Referring to FIGS. 2 and 4, the overcorrection period, and the corresponding phase error that the charge pump 40 may introduce, are also present when REF and the feedback signal are out of phase. At time t0 the leading feedback signal transitions to a logic 1, and thus triggers a true phase-correction cycle. At time t1 the flip-flop 36 transitions DOWN to logic 1 in response to the feedback signal's transition, and REF transitions to logic 1. One might expect that the phase-detect circuit 30 would transition DOWN back to logic 0 and not transition UP to an active logic 1 because no further phase correction is needed. But because of the above-described delays inherent in the phase-detect and reset circuits 30 and 32, this is not the case.
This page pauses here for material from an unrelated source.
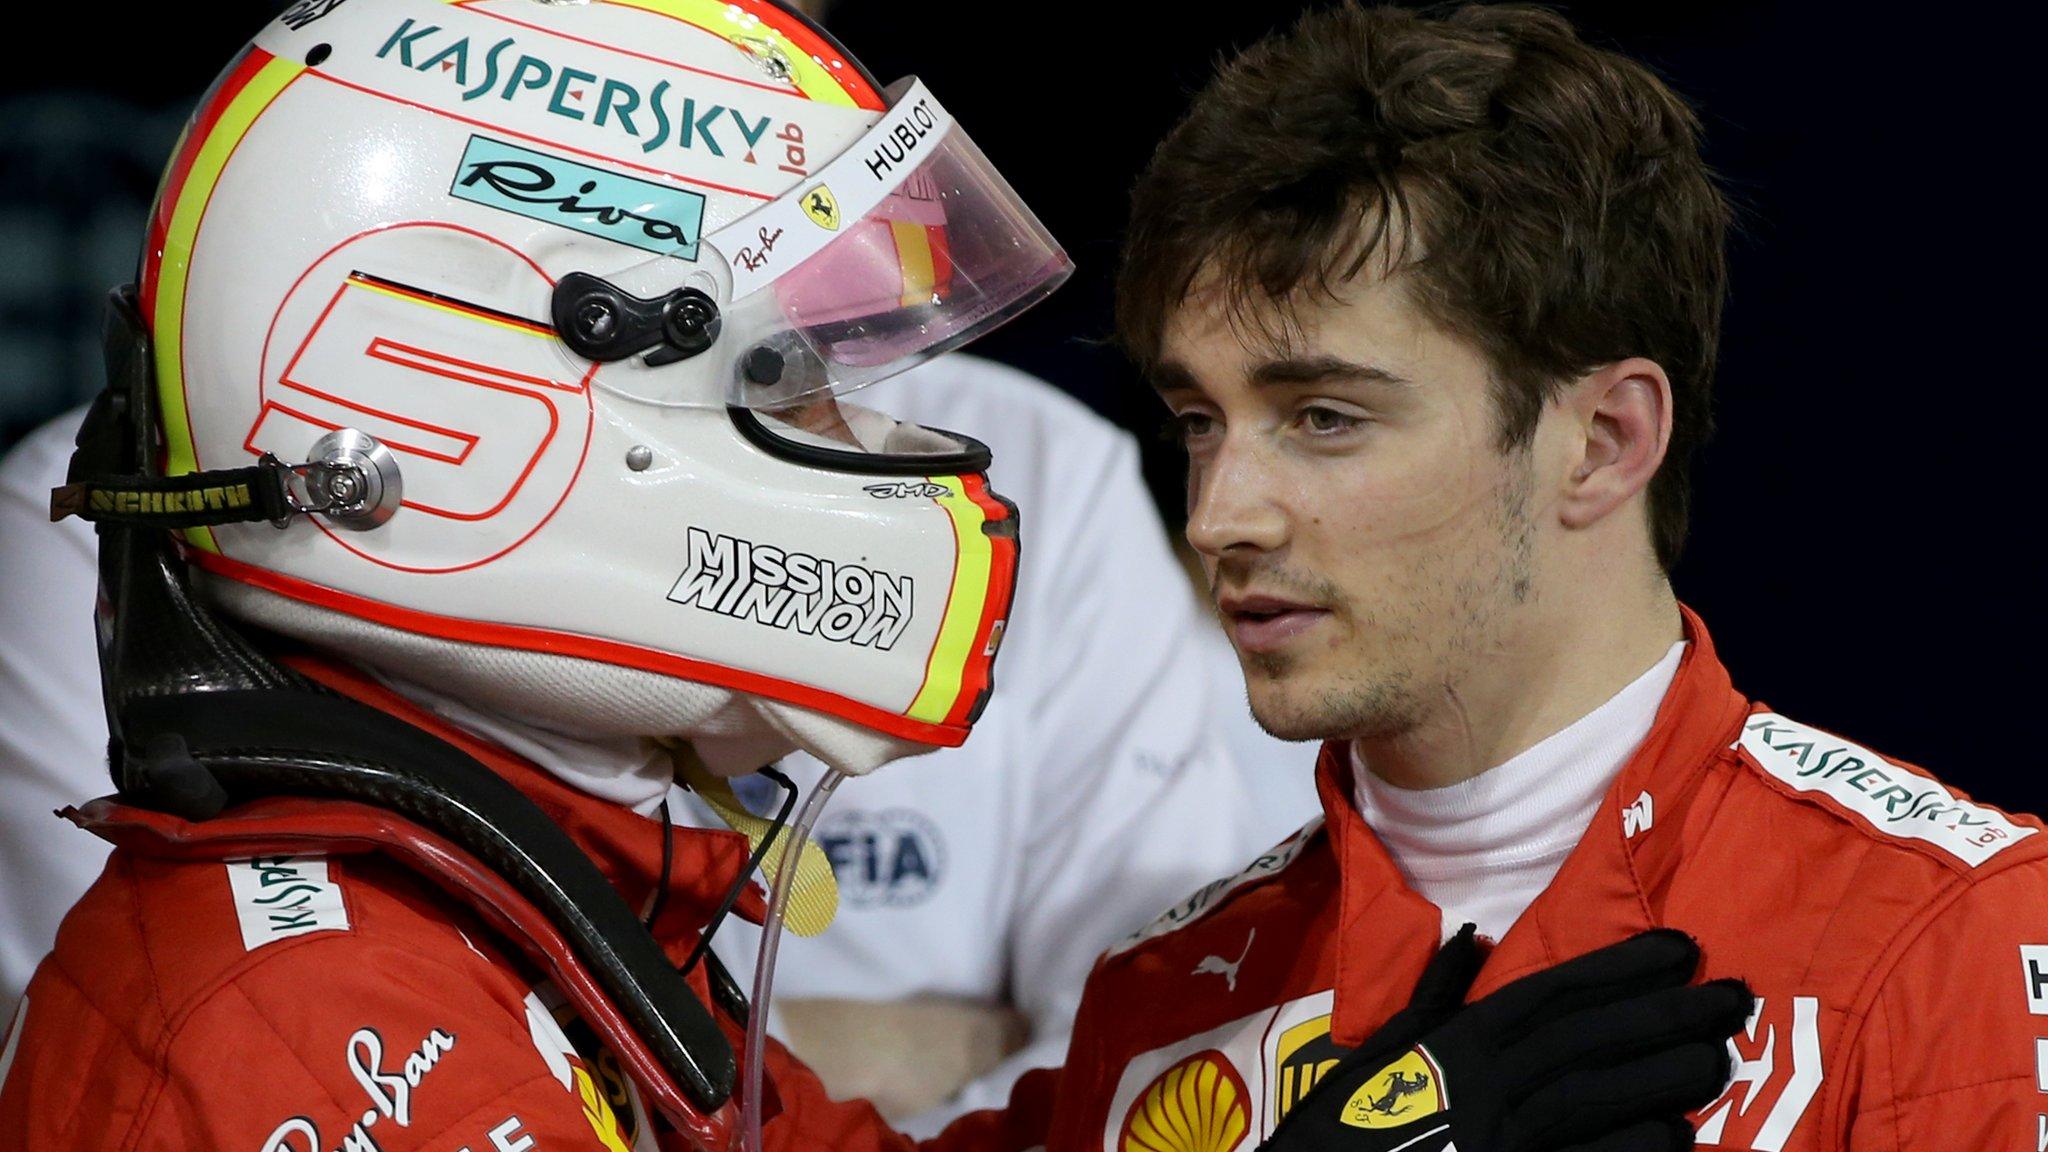 First three GPs 'definitely didn't go the way we wanted': Ferrari seek improvement in Baku

At time t2, the flip-flop 34 transitions UP to logic 1 in response to REF's transition, and, at time t3, the AND gate 38 transitions RESET to an active logic 1 in response to the transition of UP. At time t4, UP and DOWN transition back to an inactive logic 0 such that the overcorrection period between t2 and t4 is approximately 0.8 ns, the same duration as discussed above in conjunction with FIG. 3 where the feedback signal is in phase with REF. Consequently, the overcorrection period, which here extends the length of DOWN beyond that which is necessary to correct the phase of the feedback signal, may cause the charge pump 40 to introduce a noticeable phase error into OSC1 and OSC2 as discussed above. At time t5, the AND gate 38 transitions RESET back to an inactive logic 0 to end the phase-correction cycle.